Important numerical references from the transcript
- NYC walk buttons: 3250 total; 77% do not work.
- Sample of executives: n = 877; 45% would not hire someone with a typographic error.
- Campus job example: population percentage 84.9%; sample with 250 students yields 86.4% with a job.
- Example 6 labeling: ratio, ordinal, ratio, nominal.
- Example 4 labeling: discrete, continuous, continuous.
- Levels of measurement labels: N, O, I, R.
Summary tips for exam preparation
- Be able to define and distinguish: population vs sample, census, parameter vs statistic, descriptive vs inferential statistics.

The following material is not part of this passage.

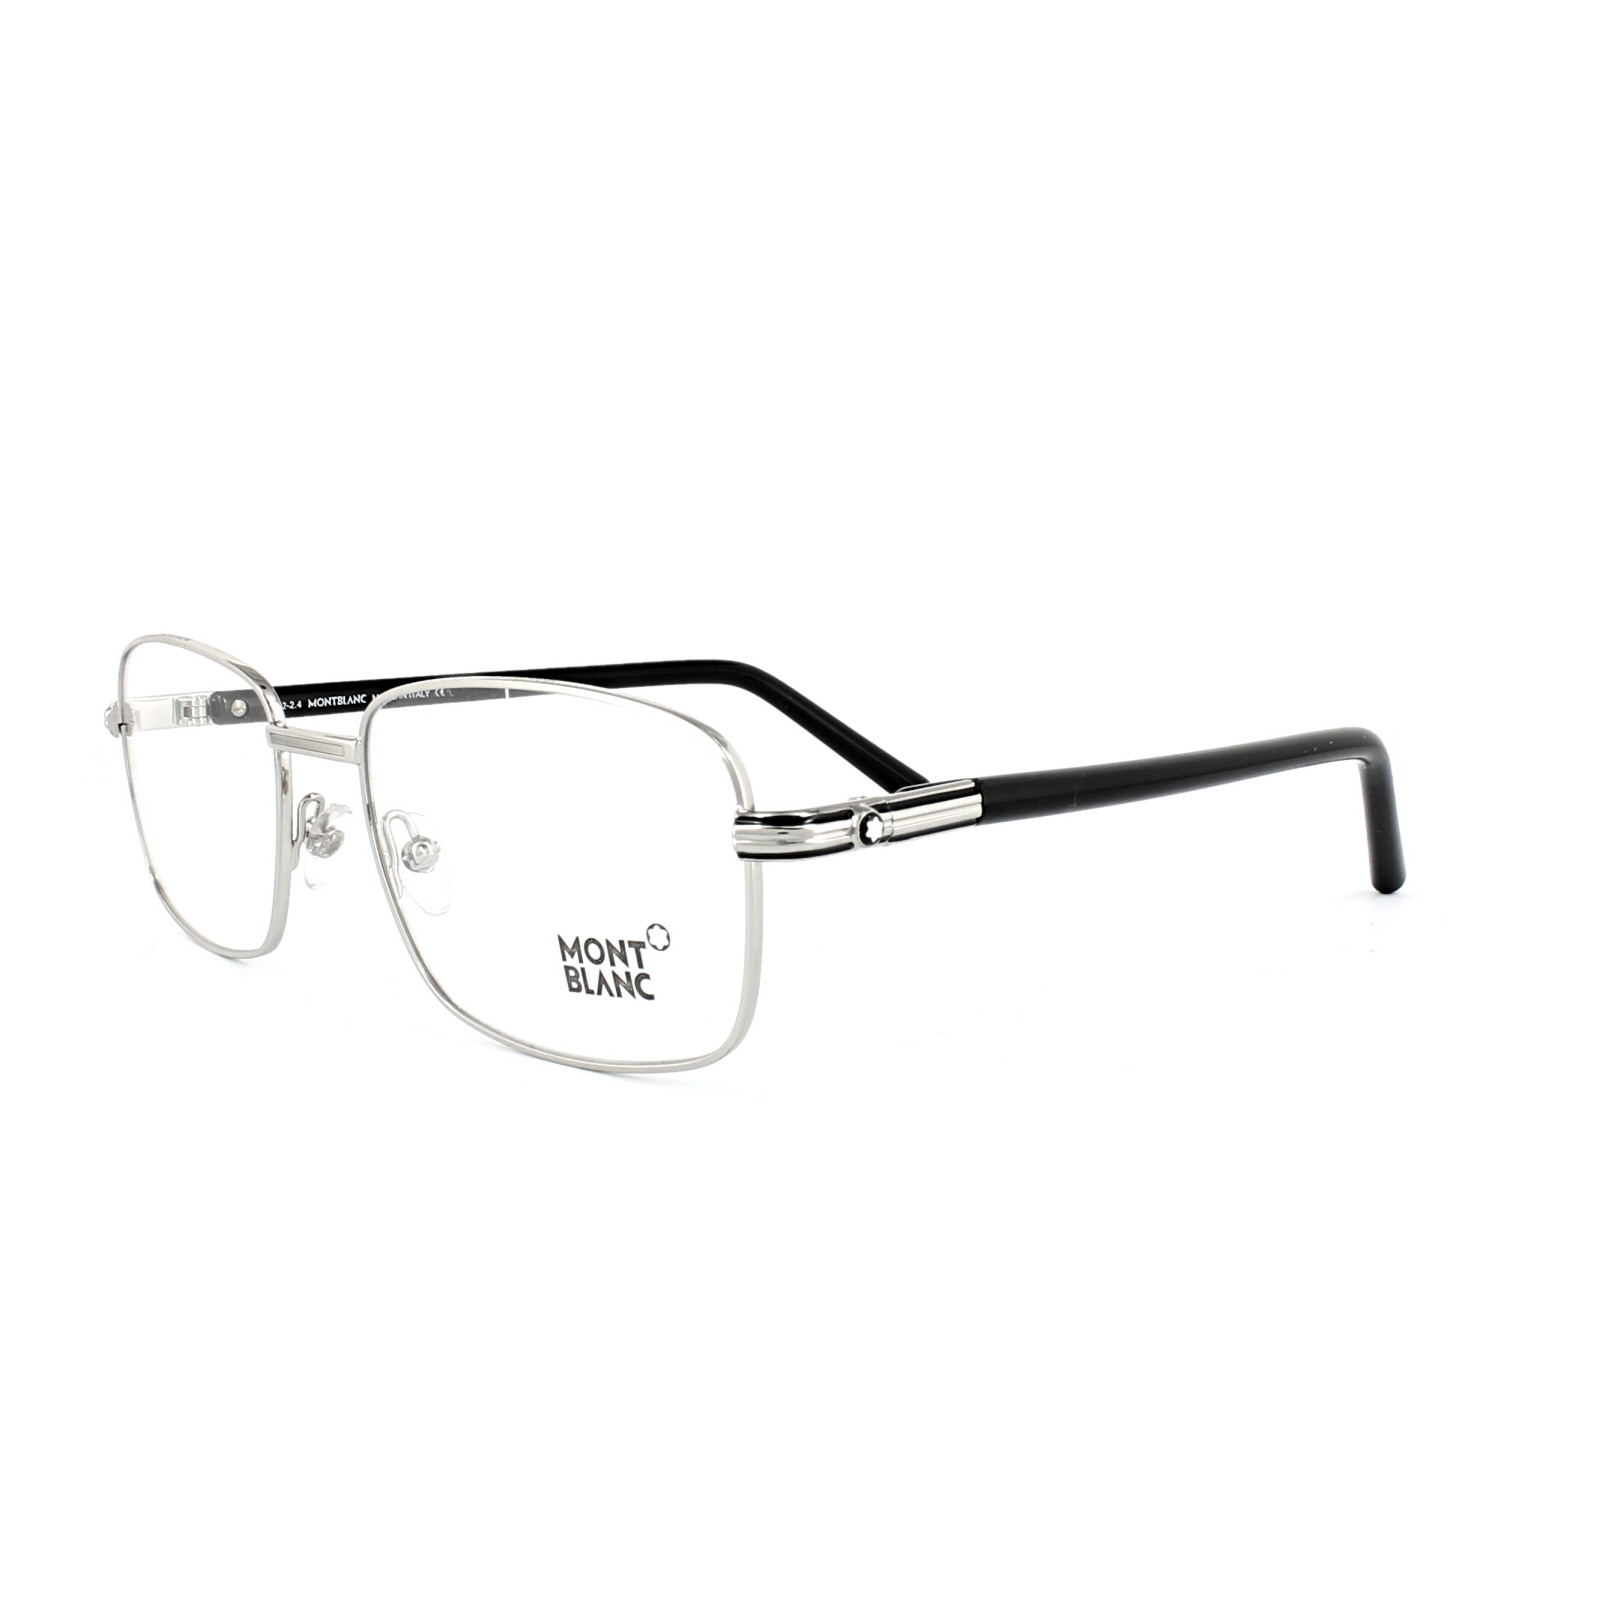 7793d433da Mont Blanc Glasses   Frames - Discounted Sunglasses

- Be able to classify variables as qualitative vs quantitative, and further as discrete vs continuous when quantitative.
- Be able to determine the level of measurement for a given variable (nominal, ordinal, interval, ratio) and justify the classification.
- Remember the example contexts (city data, employment data, school data) as templates for thinking about real-world datasets.
- Practice identifying how the level of measurement affects permissible operations (e.g., addition/subtraction for interval/ratio; no meaningful order for nominal).